2023-10-11 11:00:00 | America/New_York

Guanhao Huang Laboratory of photonics and quantum measurements, EPFL

Room-temperature quantum optomechanics using engineered mechanical resonators

At room temperature, quantum optomechanical phenomena have only been observed in pioneering experiments where an optical restoring force controls the oscillator stiffness, akin to the vibrational motion of atoms in an optical lattice. These include both levitated nanoparticles and optically-trapped cantilevers. Recent advances in engineered mechanical resonators, where the restoring force is provided by material rigidity rather than an external optical potential, have realized ultra-high quality factors (Q) by exploiting`soft clamping’, achieving more than 100 quantum coherent oscillations at room temperature.
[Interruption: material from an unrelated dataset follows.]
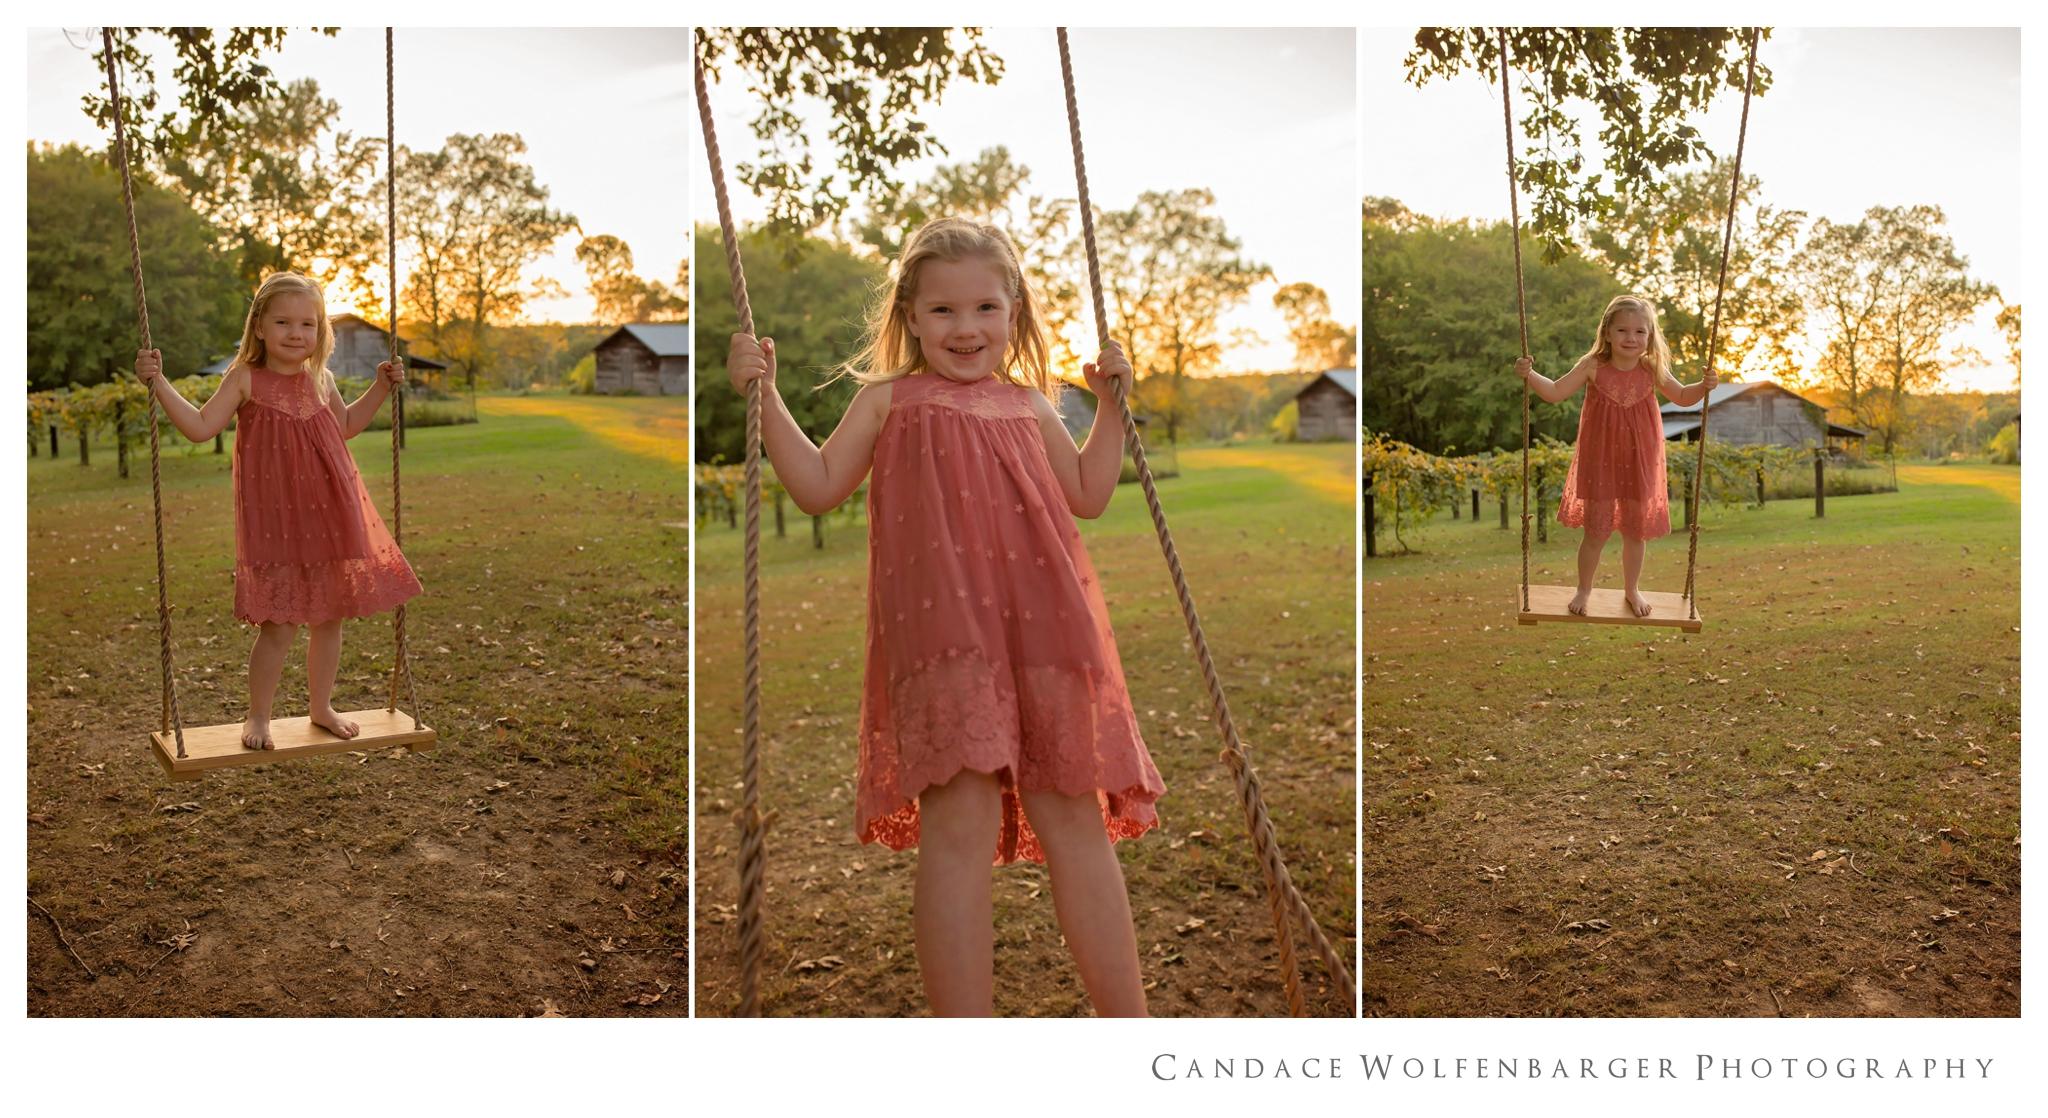 Naaman Caroline Swing Session Candace Wolfenbarger Sanford NC Childrens Photographer 9.jpg

In this talk, I will explain our recent advances of reaching the quantum regime of cavity optomechanics at room temperature using engineered mechanical resonators, and discuss various dominant physical processes that emerge in this parameter regime.

Speaker's Bio

Guanhao Huang received B.S. degree in physics (2018) from Tsinghua University, where he worked on realizing programmable boson sampling gates in trapped ion systems. He is currently a physics PhD student in the laboratory of photonics and quantum measurements at EPFL, working on room temperature quantum optomechanics using engineered mechanical resonators, and free-electron couplings to integrated photonic circuits.